38The reasoning underpinning this vague statement was not elucidated in any meaningful way.
39In the circumstances, the second excerpt is inadmissible opinion evidence.
The third excerpt
40I find that the use of the word “contravention” in this excerpt likely related back to the reference to a contravention of the Occupational Health and Safety Act in the immediately preceding paragraph. Mr Adib did not seek to adduce that paragraph.
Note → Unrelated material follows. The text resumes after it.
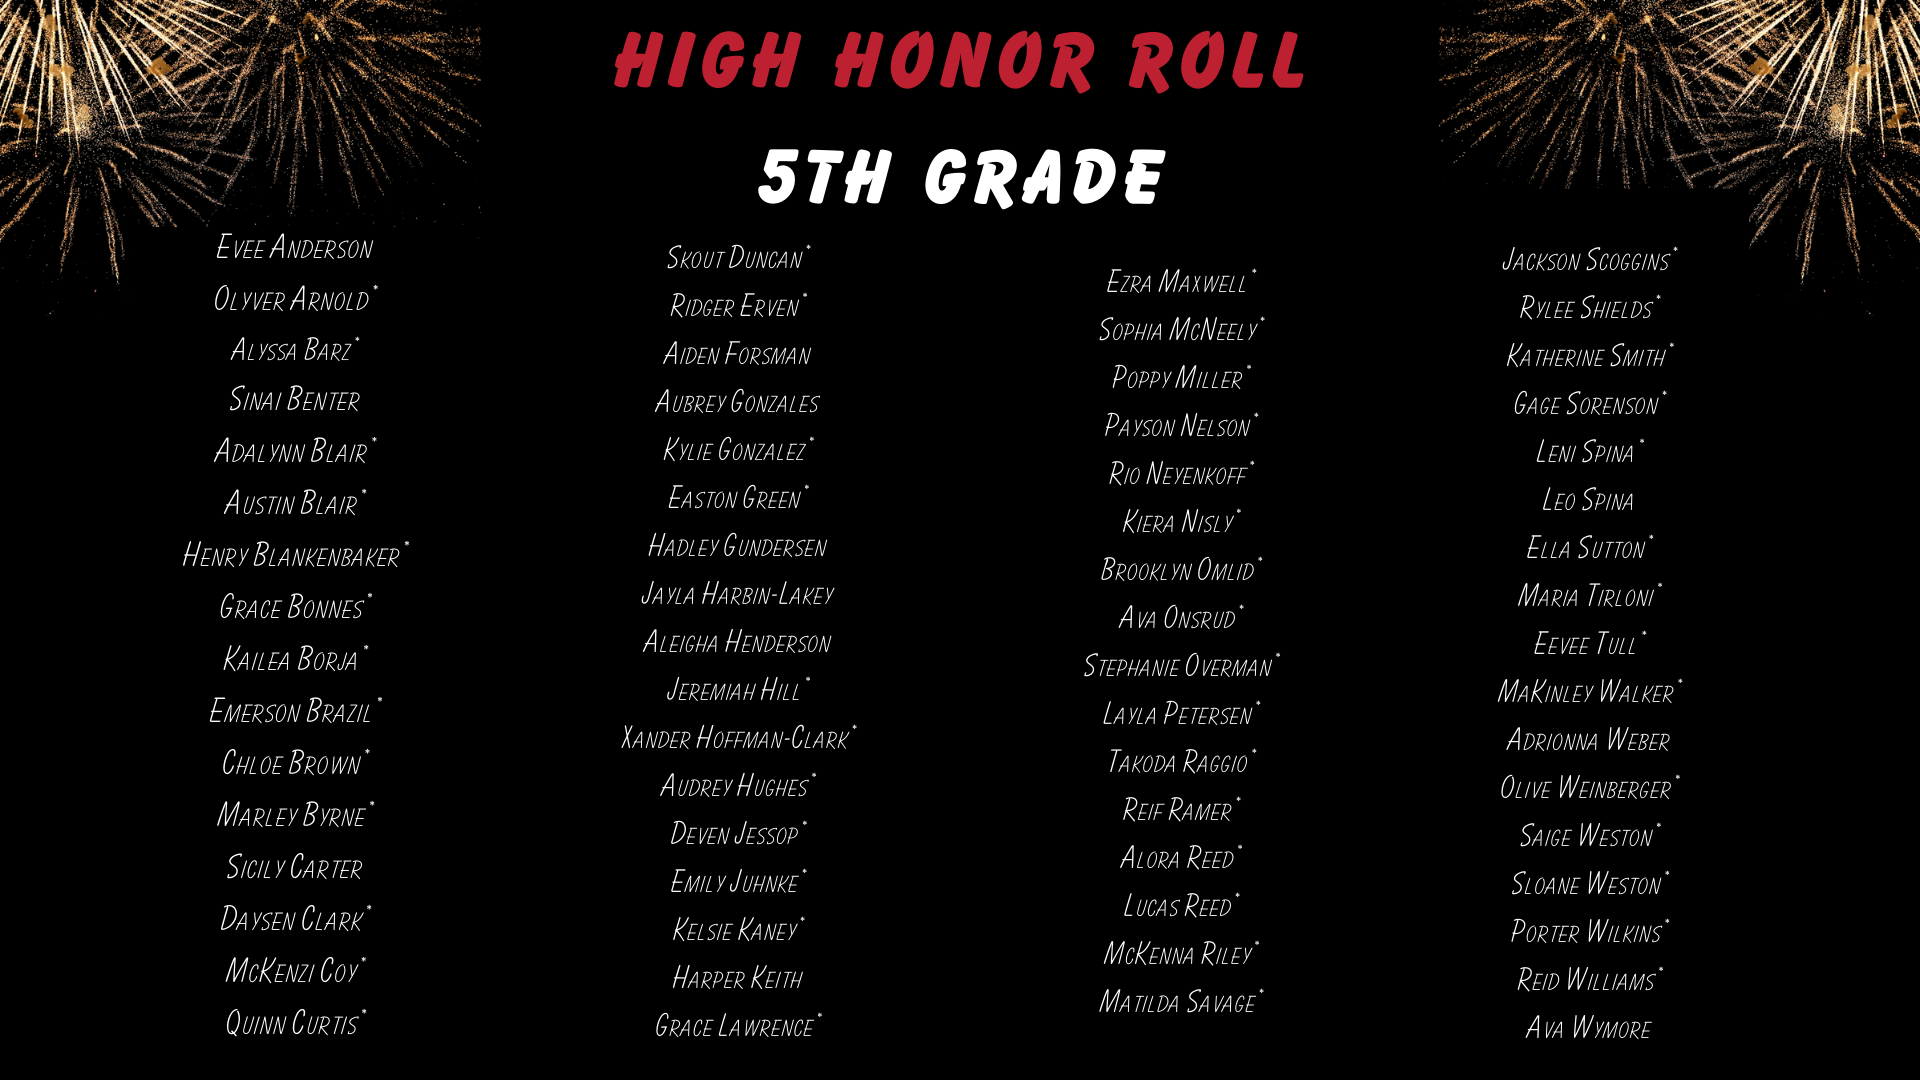 High Honor Roll 5th grade

41If the paragraph remained, it could also be understood in the context of Mr Spaulding’s evidence that the problems he identified with the scaffolding were remedied while he was at the property.
42In those circumstances, I determined that, whilst admissible, counsel would need to take care not to elicit evidence of any contravention of the Occupational Health and Safety Act.
The fourth excerpt
43Senior Counsel for Mr Adib made no submissions in relation to this.
44These are obviously pro forma parts of the WorkSafe Entry Reports.
45In my view, it is not appropriate to delete them. I am not persuaded that there is any unfair prejudice that arises from those sections which significantly outweighs their probative value. It is very unlikely the jury would find them misleading or confusing.
Conclusion
46The following parts of the Entry reports are not admissible:
(a) In paragraph 2 of the Kaplan Entry Report and the Onur Entry Report – the second half of the first sentence that stated “which is marginally greater the maximum allowable gap of 225mm (per AS/NZ 1576.1)”;
(b) In paragraph 2 of the Onur Entry Report, the first paragraph on page two, which stated “The use of the incomplete or unsafe scaffold may place persons at risk of injury as a result of falling from height”.
47The remainder of the two WorkSafe Entry Reports are admissible.